### RECORDED INFORMATION
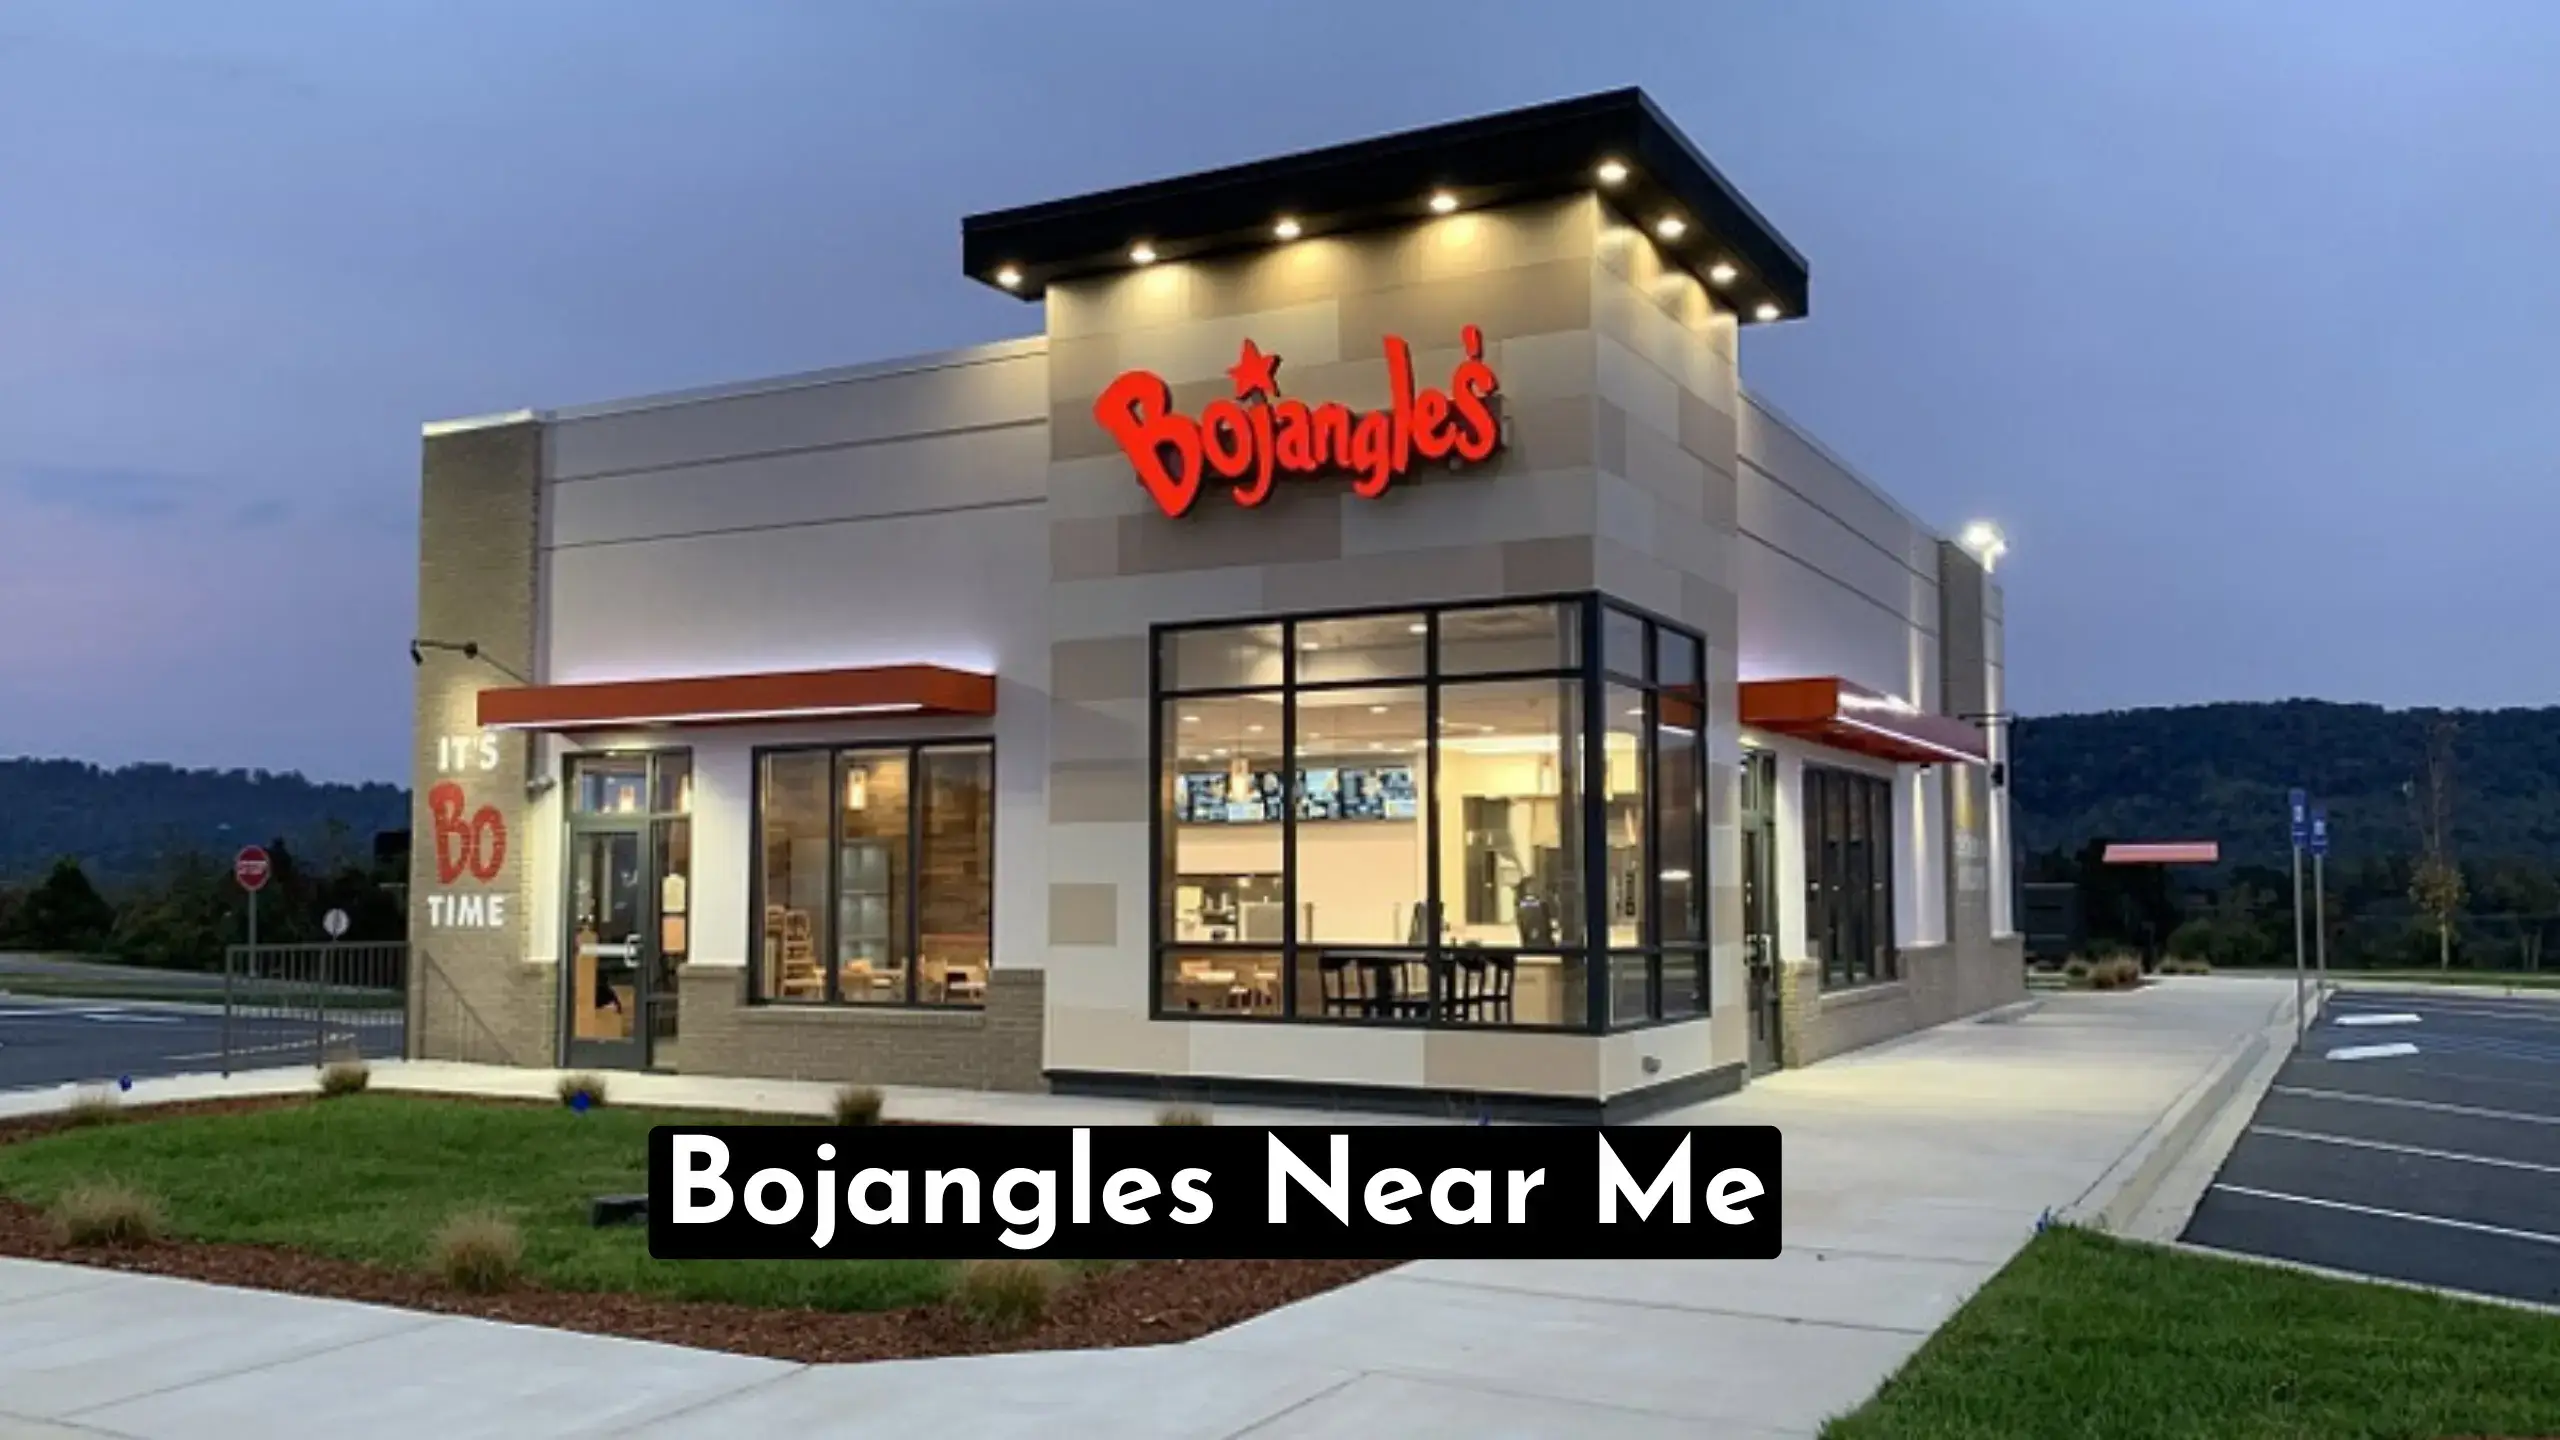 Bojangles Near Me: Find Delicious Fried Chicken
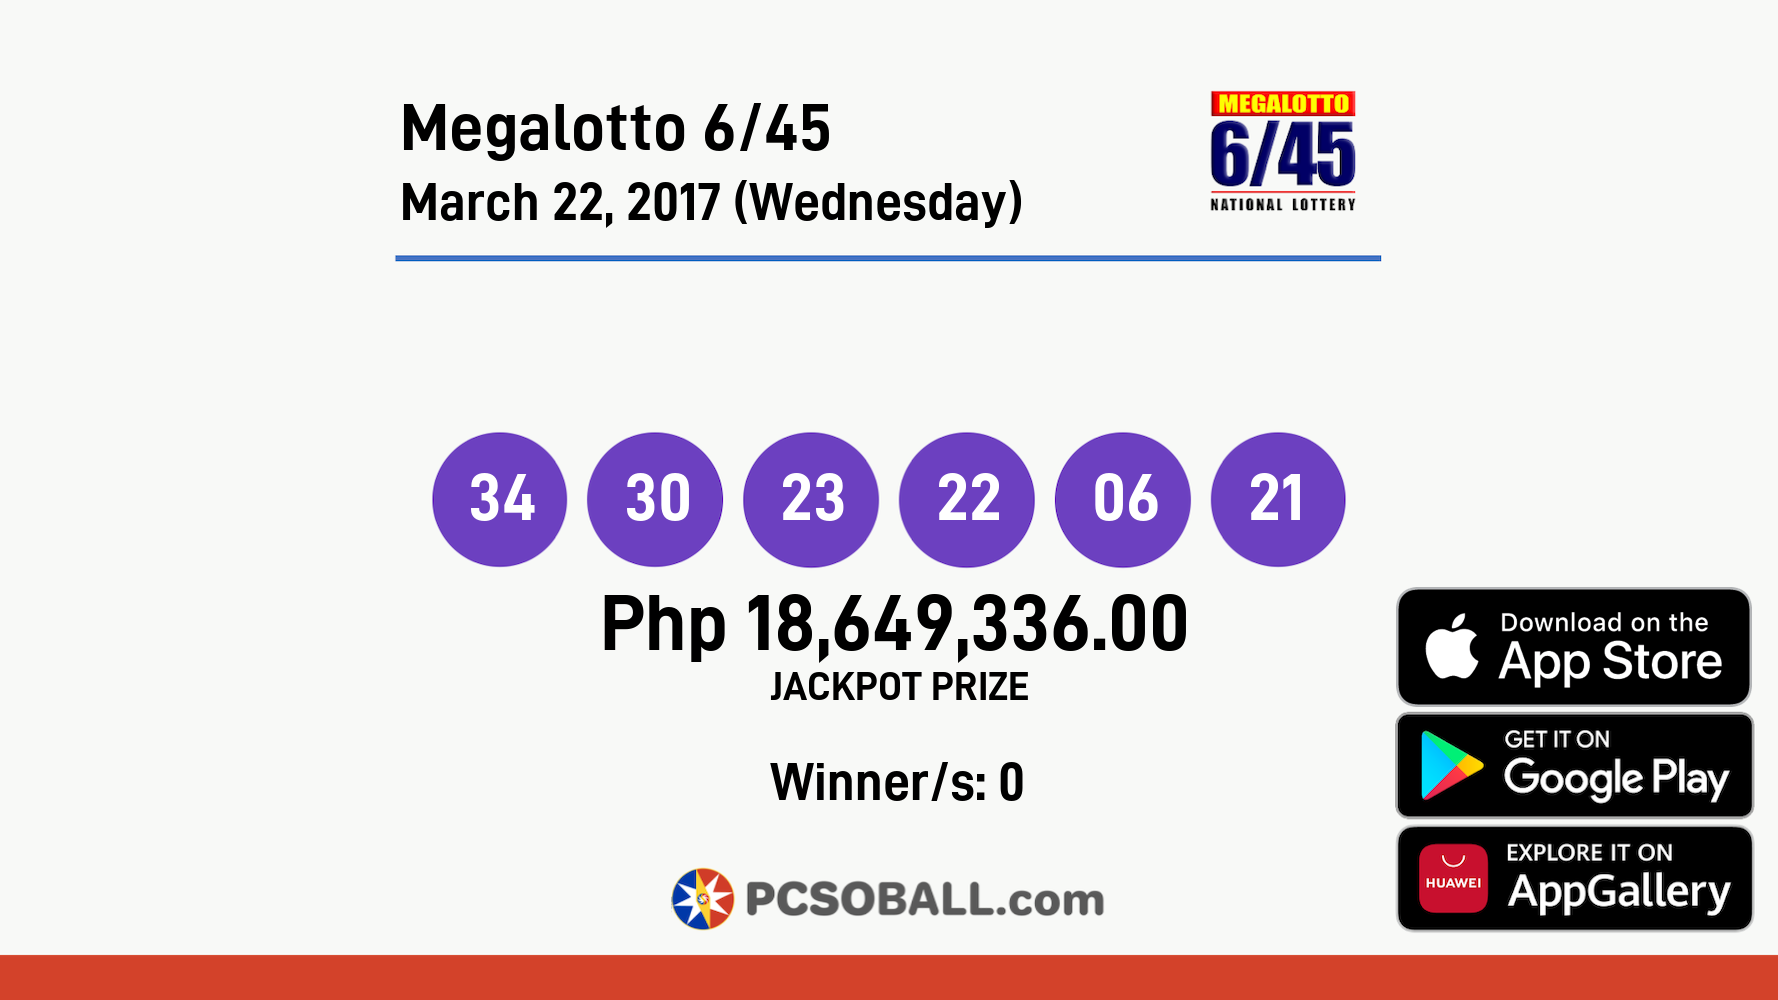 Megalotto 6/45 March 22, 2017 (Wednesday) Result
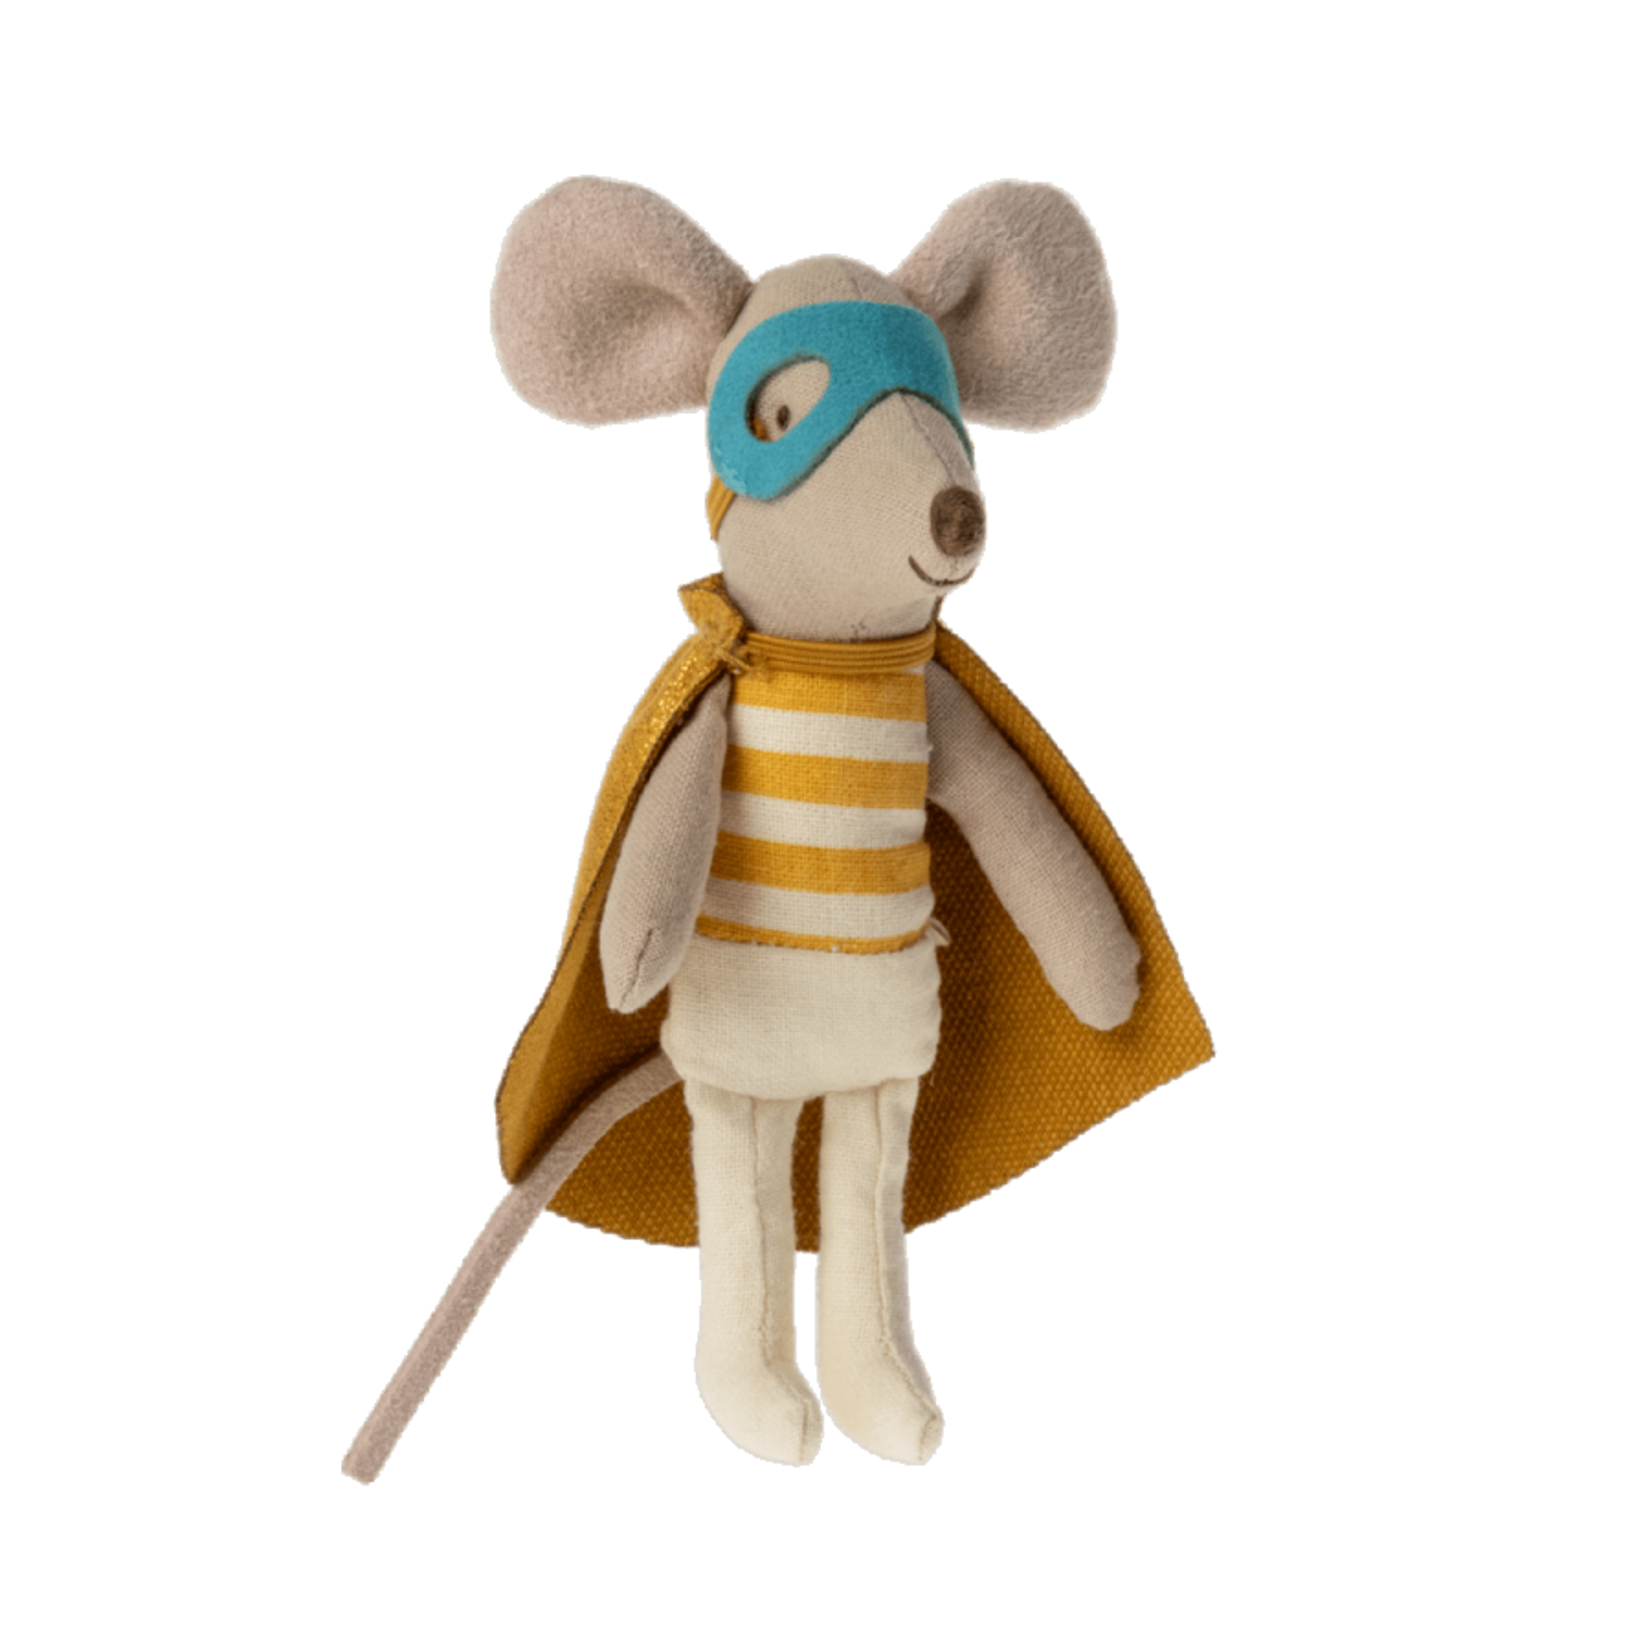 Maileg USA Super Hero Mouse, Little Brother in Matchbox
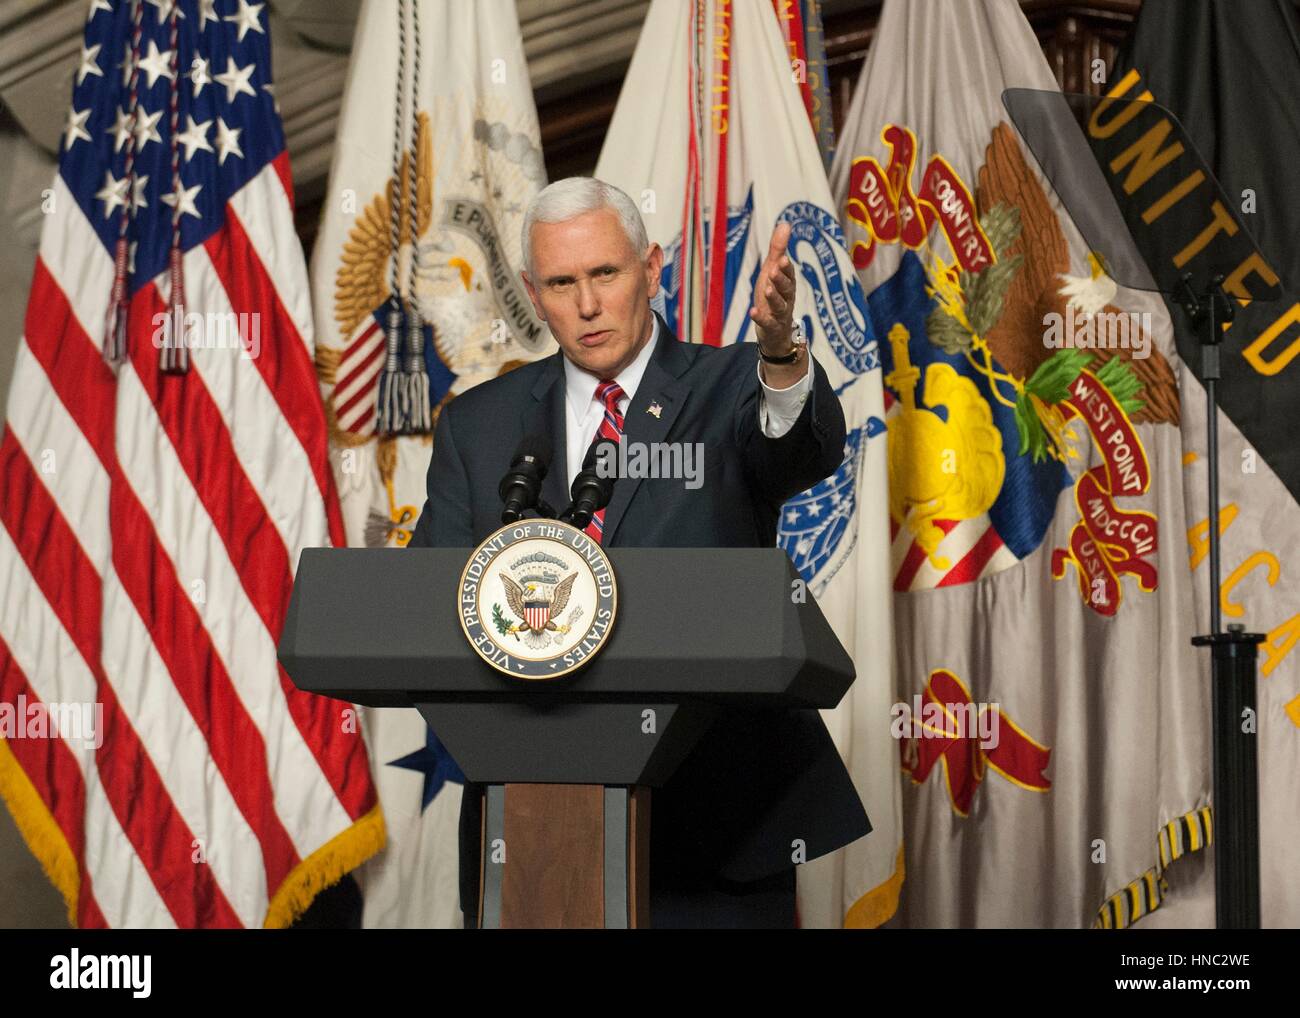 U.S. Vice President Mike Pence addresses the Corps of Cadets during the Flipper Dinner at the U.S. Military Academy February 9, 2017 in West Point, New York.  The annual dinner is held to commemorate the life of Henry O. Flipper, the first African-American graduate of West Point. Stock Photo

### EXERCISE DESCRIPTION
From the very first line of the listing above through the line that holds "Maileg USA Super", write out each line exactly as it stands, leaving pictures out.

### YOUR SOLUTION
 Bojangles Near Me: Find Delicious Fried Chicken
 Megalotto 6/45 March 22, 2017 (Wednesday) Result
 Maileg USA Super Hero Mouse, Little Brother in Matchbox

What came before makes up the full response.